Consolidation between the resistance level of $2712.0 and $2600 support may be about to be breached lower as $USD Gold moves lower. Local producers may be subject to current market sentiment (bearish) pricing.
Relative Strength has turned lower below the 50 level and is moving towards the key 30 level indicating a decrease in momentum. Relative strength may continue to track lower as price has the potential to retest the $2477.0 level on a break below $2600.
Comments from last week: Potentially good support for the local producers as the XAU AUD puts in a pipe reversal during the week confirming support at $2600. The $2712 remains the resistance level in play.
The failed breakout at $4.90 has resulted in the current retest of long-term support at $4.00. Last week Copper set a “Gap open buy” signal, although yet to be confirmed with a higher weekly close. Copper remains within a long-term consolidation area with strong support at and above the $4.00 support level. A close below this level may see significant selling and the indication of a wide top in place.
Current reading has swung below the 50-level reflecting the current Primary move underway. The key now is for the RSI to move back above the 50 level as a reflection of ongoing and any positive underlying positive price momentum.
Comments from last week: Dr Copper, an indicator of Global growth and demand for goods has moved below the very important median level of $4.33. The current movement has the potential to retest the $4.00 level. Last week’s range has expanded from the previous week showing sellers in control.
The sharp rise in Volatility this week has been the highest in fourteen weeks.
Rising volatility above the 13 level equals bearish equities.
The cost of 3month forward PUT options is increasing.

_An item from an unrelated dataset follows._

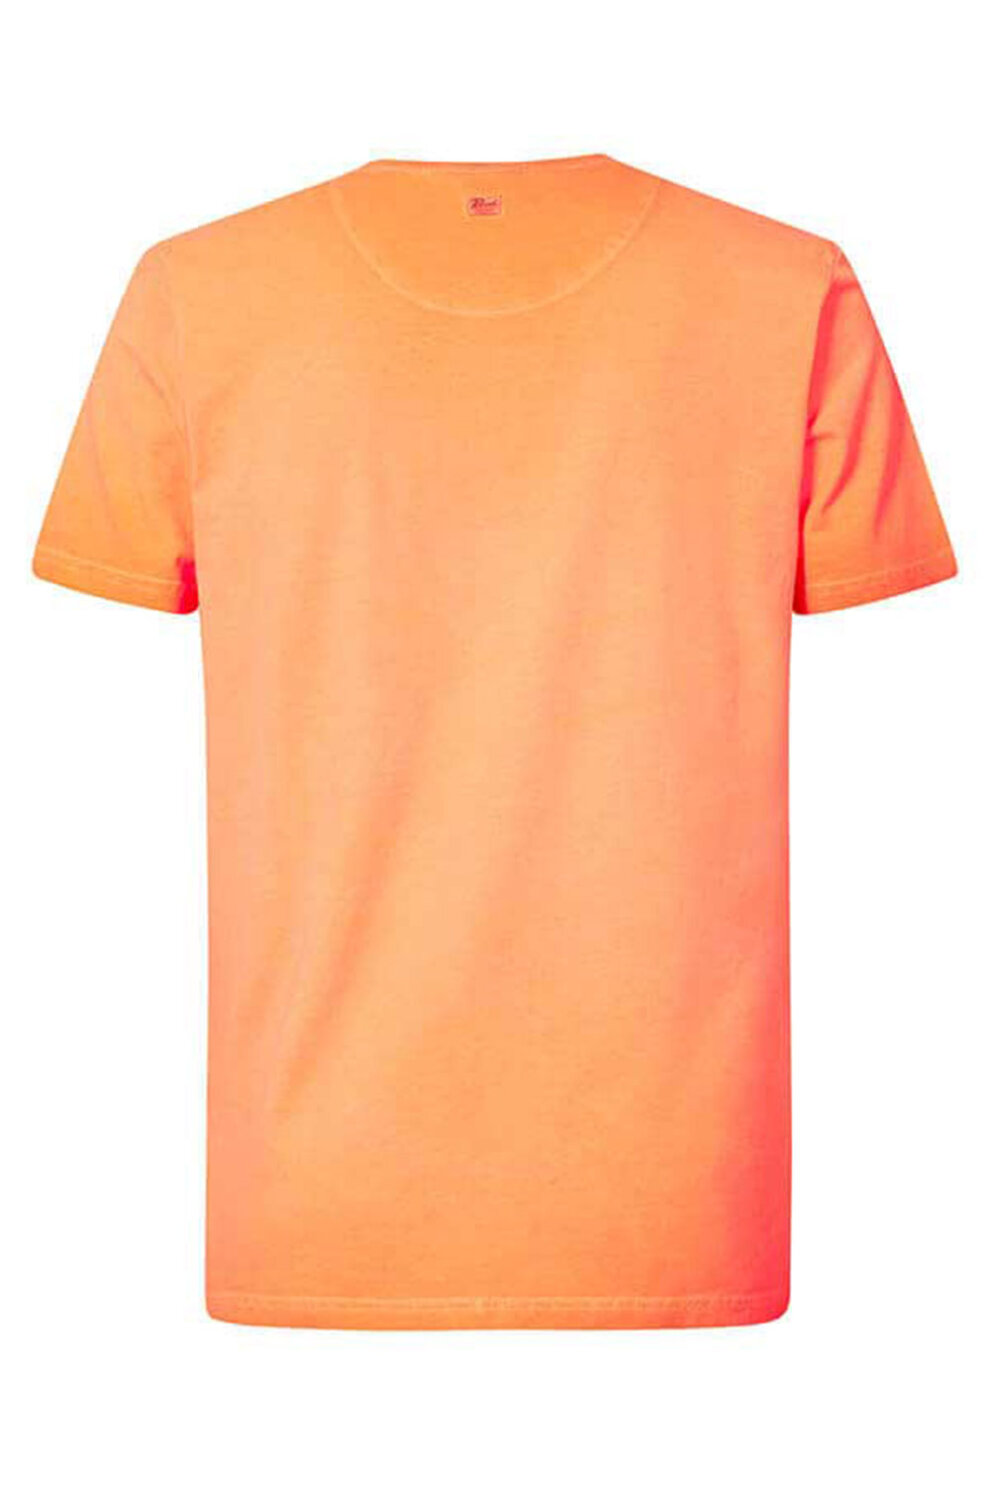 MUŠKARCI - Majice - Petrol majica - Kratki rukavi - Narančasta

The XVI is the difference between 3-month forward pricing of ETO Options against current month.
As markets anticipate events, the forward priced option volatility changes, hence as forward price changes, this “skew” in pricing is measured in this XVI.

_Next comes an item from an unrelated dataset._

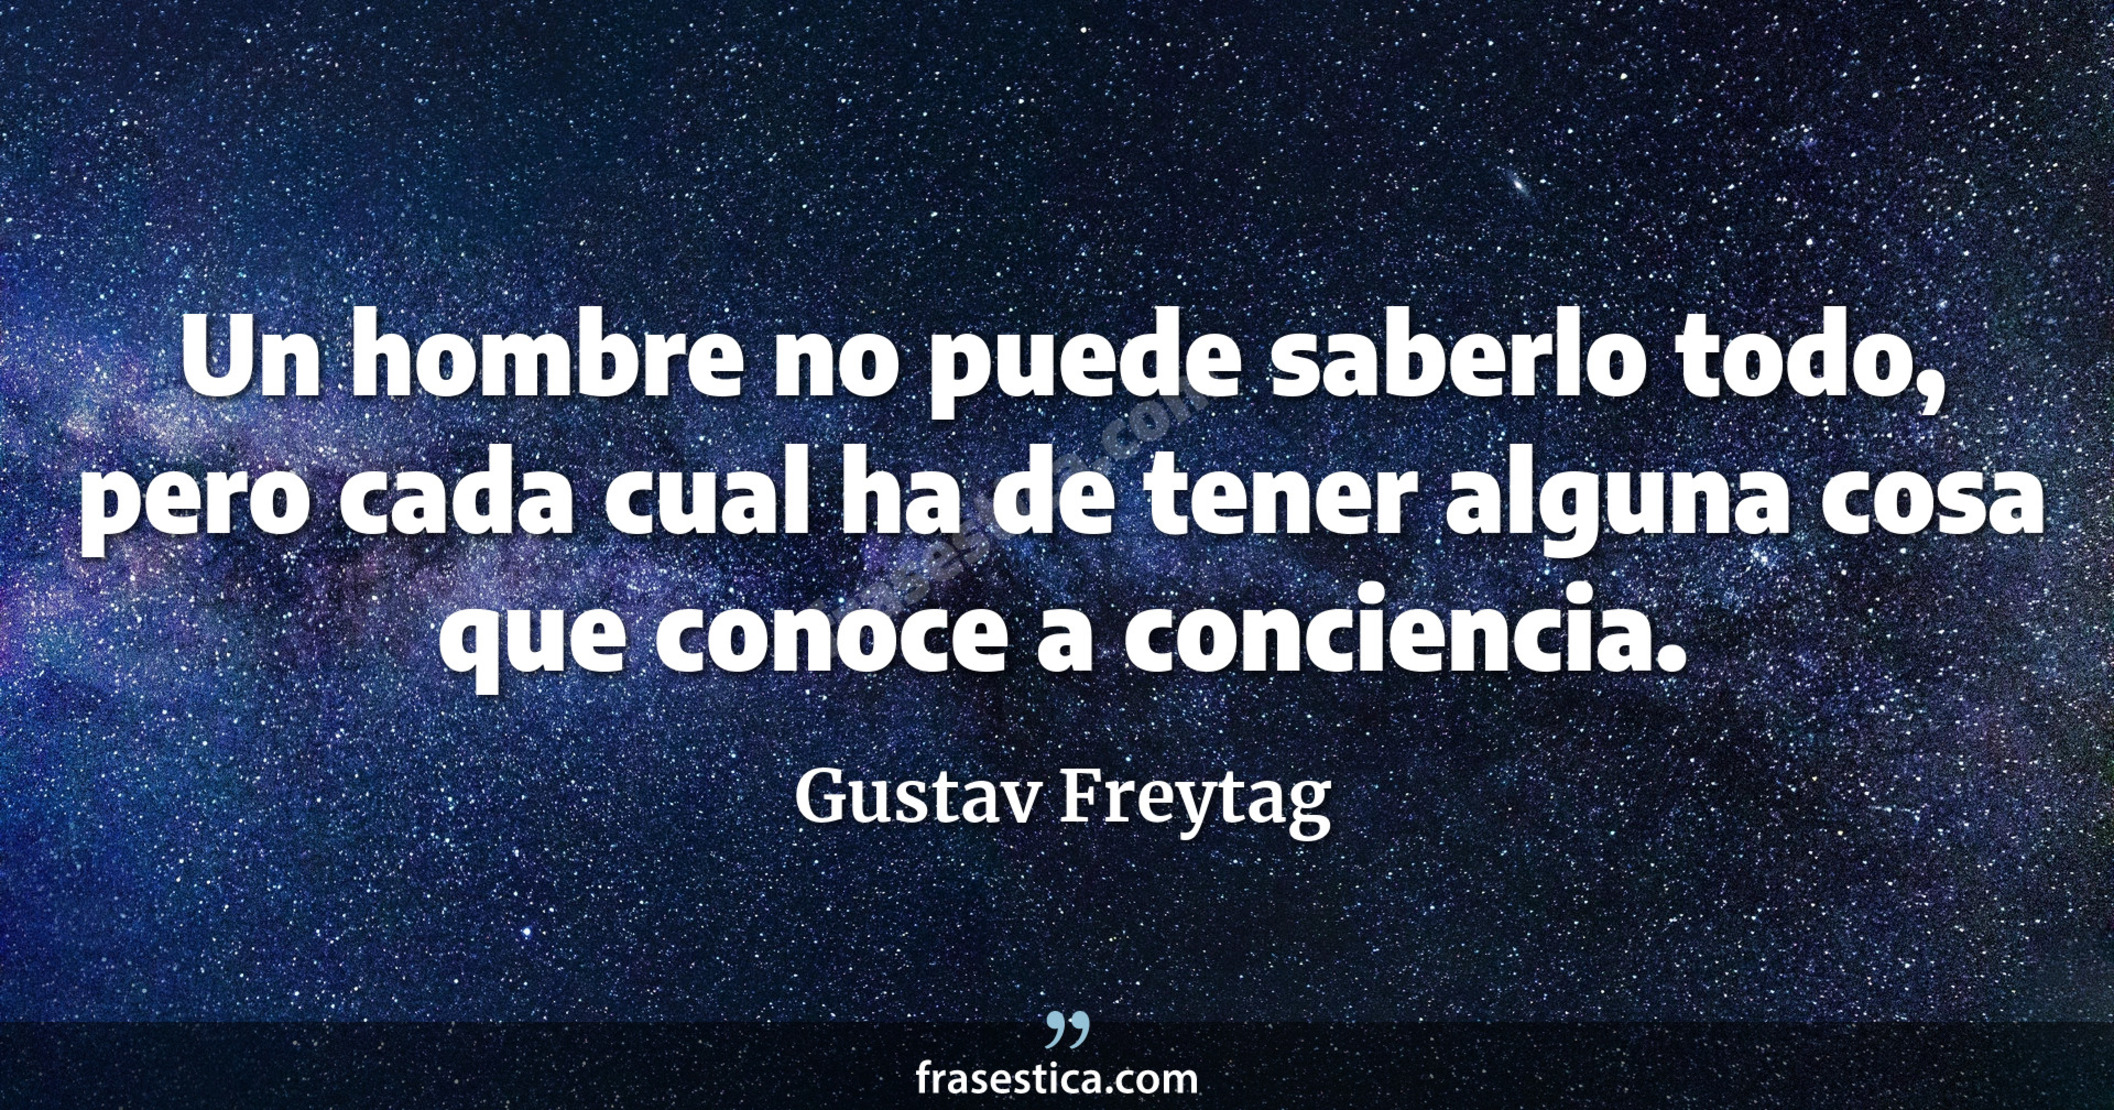 Un hombre no puede saberlo todo, pero cada cual ha de tener alguna cosa que conoce a conciencia. - Gustav Freytag

The XVI value works as an inverse observation to the underlying market.
Comments from last week: The XVI value is expected to rise this week as forward protective risk is again priced in.

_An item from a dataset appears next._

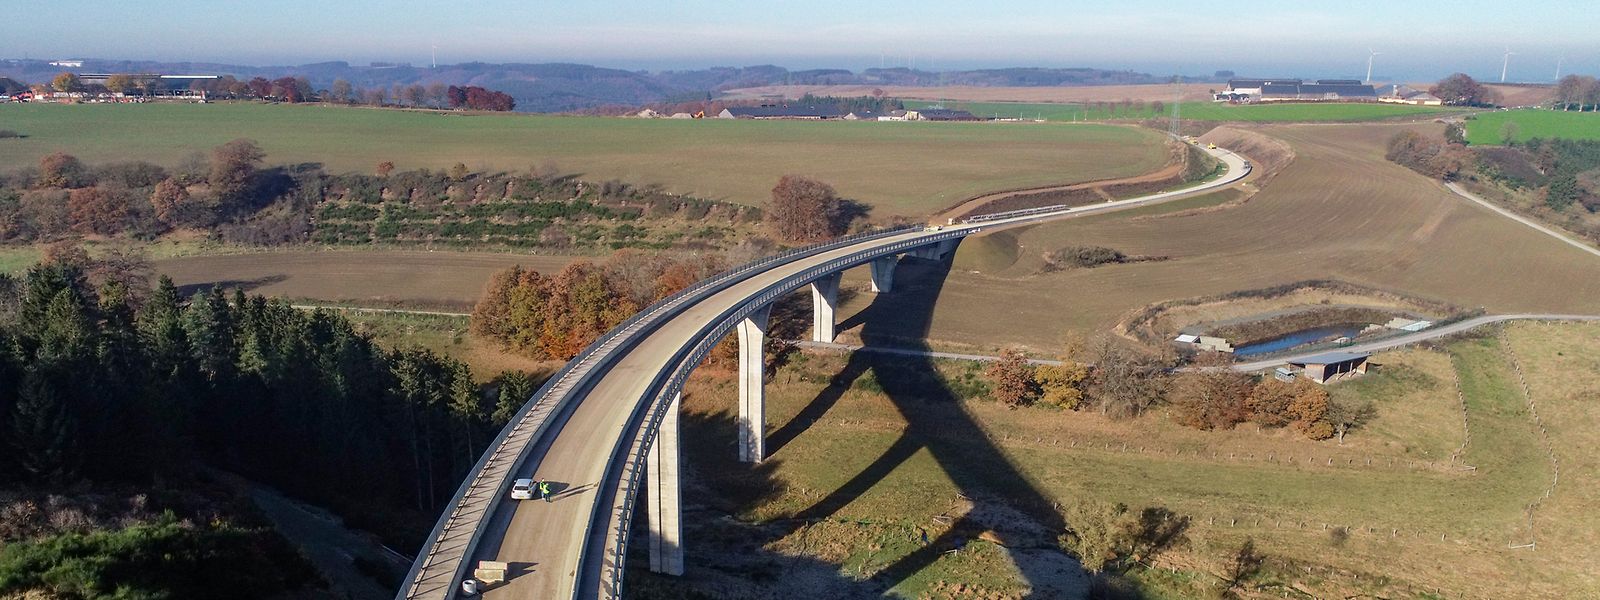 Der Viadukt Irbich ist 265 Meter lang und durchschnittlich 30 Meter hoch.

A continuing Uptrend, the strong expanding range breakout above the March 2014 high at 104 is significant. In the short term a retest of 104 may take place and should be monitored for support.
The Relative Strength has turned higher in line with price movements and should now be monitored for further strength as the current reading over the key 70 level should move higher, a further reading above the 70 level would indicate very strong positive price momentum. The chart should now be monitored for a Bearish divergence signal should the RSI move below the 70 level on higher prices.
Comments from last week: The USD Index value has moved to a 10 year high, an expectation of consolidation between 103 and 104 before a move higher. The USD Index remains in a well-defined Primary UP trend that should see support remain at 103 to maintain a bullish view. A close below this level would indicate a short-term top in place.
The close above the $107.73 level is an important event for the Oil bulls. This will be the level in play this week, continued closes over this level will set up a very bullish outlook for closes over the $116.60 level to confirm the current Primary UP trend. The ultimate key level to hold is $94.0. A close below this level would see substantial selling back to the $80 level.
The current price reversal has produced a second higher low in the RSI, the Indicator remains above the key 50 level, a signal of positive price momentum. This will again be monitored for a swing below this key level. The Relative Strength crossing and remaining below the 50 level is regarded as a Bearish indicator.
Comments from last week: Solid consolidation above the $94.00 level sets up Oil to retest the highs over $116.60 resistance following this week’s closing price over $107.73. The WTI contract remains within a Primary UP trend.